Partitioning dataset with max rows per file
Let’s write some code that’ll create partitions with ten rows of data per file. We’d like our data to be stored in 8 files for China, one file for Cuba, and two files for France.
We can use the maxRecordsPerFile option to output files with 10 rows.
val outputPath = new java.io.File("./tmp/partitioned_lake5/").getCanonicalPath
df.repartition(col("person_country")).write.option("maxRecordsPerFile", 10).partitionBy("person_country").csv(outputPath)
This technique is particularity important for partition keys that are highly skewed. The number of inhabitants by country is a good example of a partition key with high skew. For example Jamaica has 3 million people and China has 1.4 billion people – we’ll want ~467 times more files in the China partition than the Jamaica partition.

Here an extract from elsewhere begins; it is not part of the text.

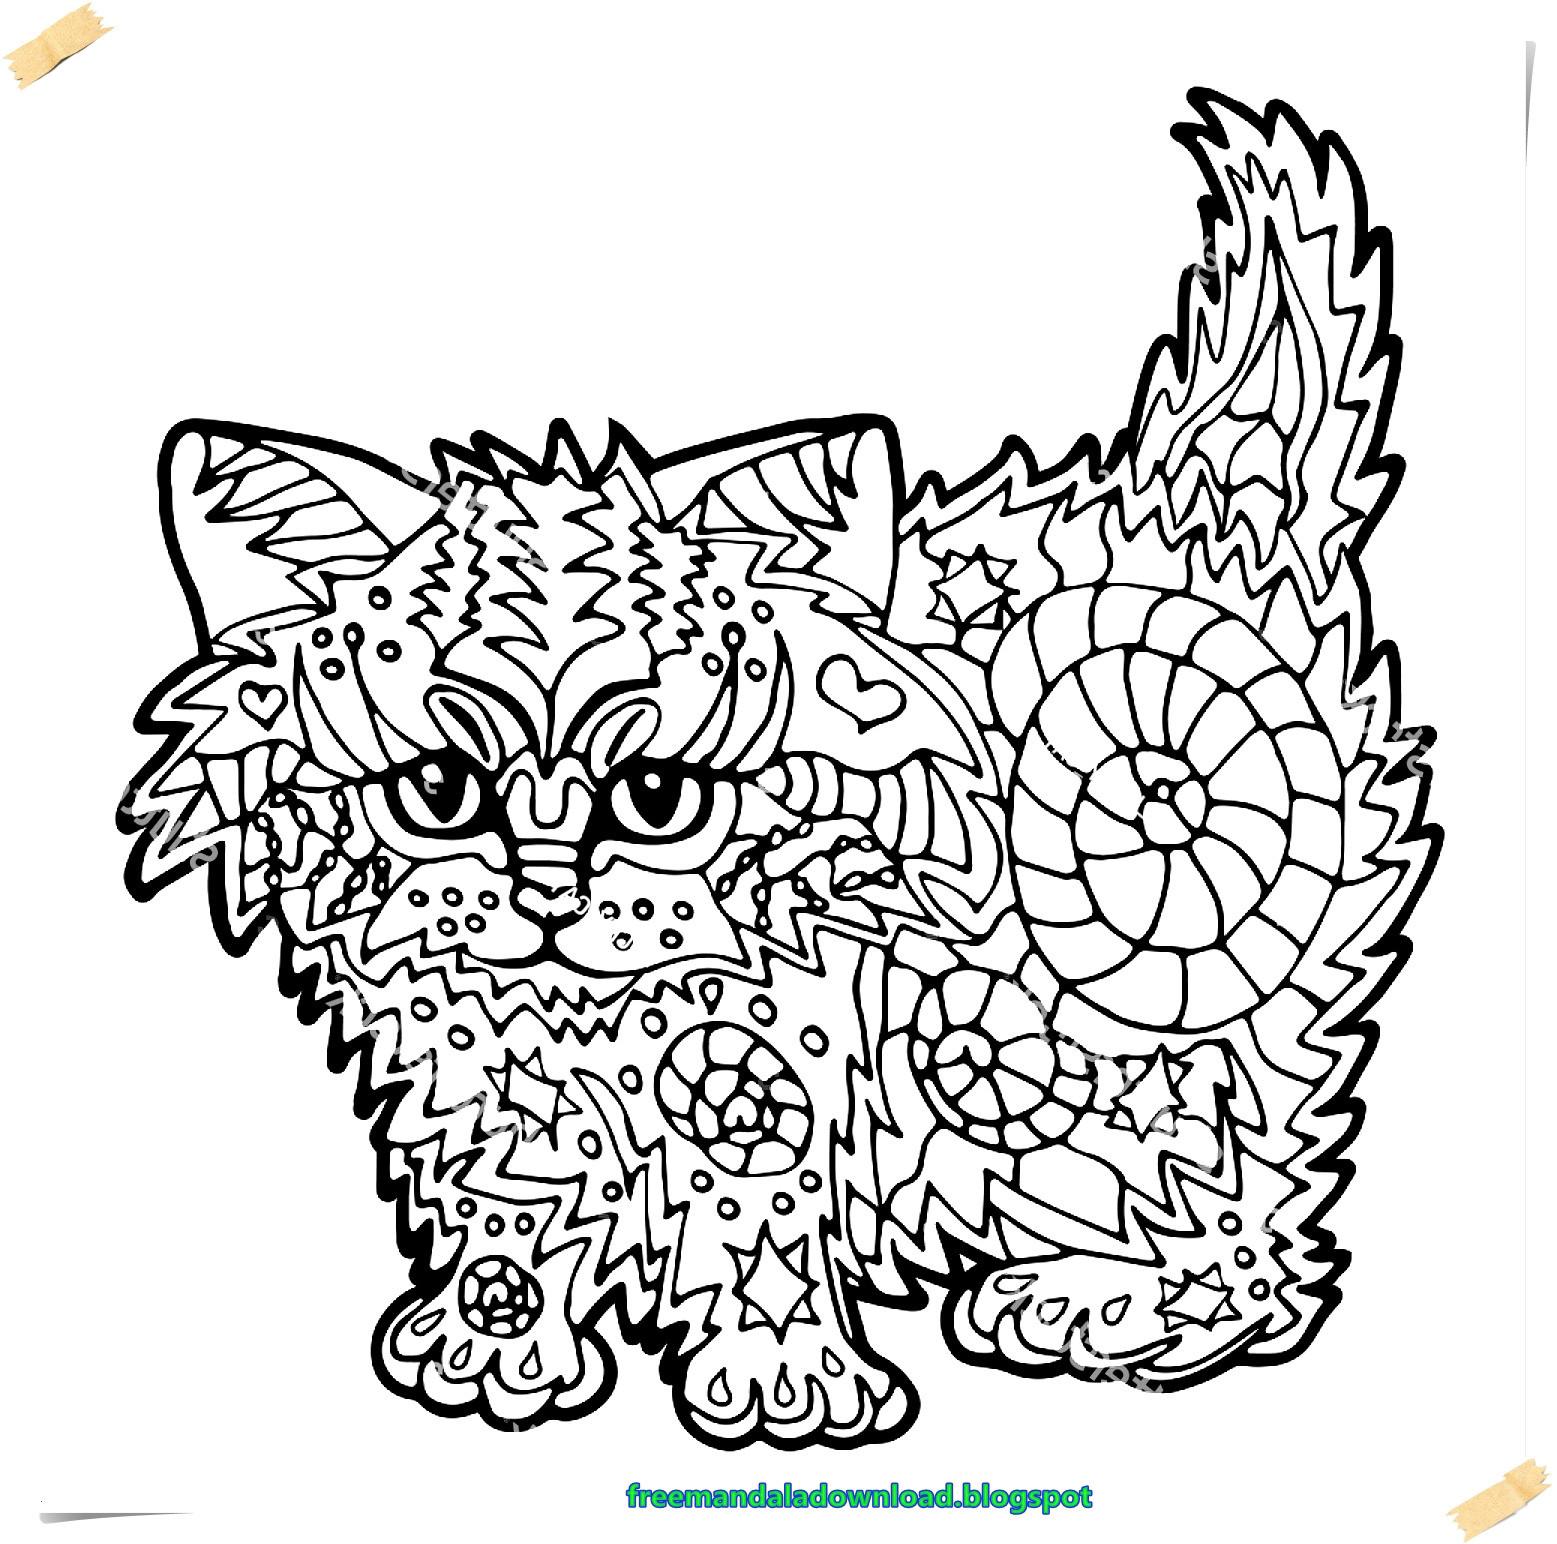 Seestern Zum Ausmalen Genial Katzen Mandala Kostenlos Ebook Cats Mandala Free Ebook Free Mandala Das Bild

Partitioning dataset with max rows per file pre Spark 2.2
The maxRecordsPerFile option was added in Spark 2.2, so you’ll need to write your own custom solution if you’re using an earlier version of Spark.
val countDF = df.groupBy("person_country").count()
val desiredRowsPerPartition = 10
val joinedDF = df.join(countDF, Seq("person_country")).withColumn("my_secret_partition_key",(rand(10) * col("count") / desiredRowsPerPartition).cast(IntegerType))
val outputPath = new java.io.File("./tmp/partitioned_lake6/").getCanonicalPath
joinedDF.repartition(col("person_country"), col("my_secret_partition_key")).drop("count", "my_secret_partition_key").write.partitionBy("person_country").csv(outputPath)
We calculate the total number of records per partition key and then create a my_secret_partition_key column rather than relying on a fixed number of partitions.
You should choose the desiredRowsPerPartition based on what will give you ~1 GB files. If you have a 500 GB dataset with 750 million rows, set desiredRowsPerPartition to 1,500,000.
Small file problem
Partitioned data lakes can quickly develop a small file problem when they’re updated incrementally. It’s hard to compact partitioned data lakes. As we’ve seen, it’s even hard to make a partitioned data lake!
Use the tactics outlined in this blog post to build your partitioned data lakes and start them off without the small file problem!
Conclusion
Partitioned data lakes can be much faster to query (when filtering on the partition keys) because they allow for a massive data skipping.
Creating and maintaining partitioned data lakes is challenging, but the performance gains make them a worthwhile effort.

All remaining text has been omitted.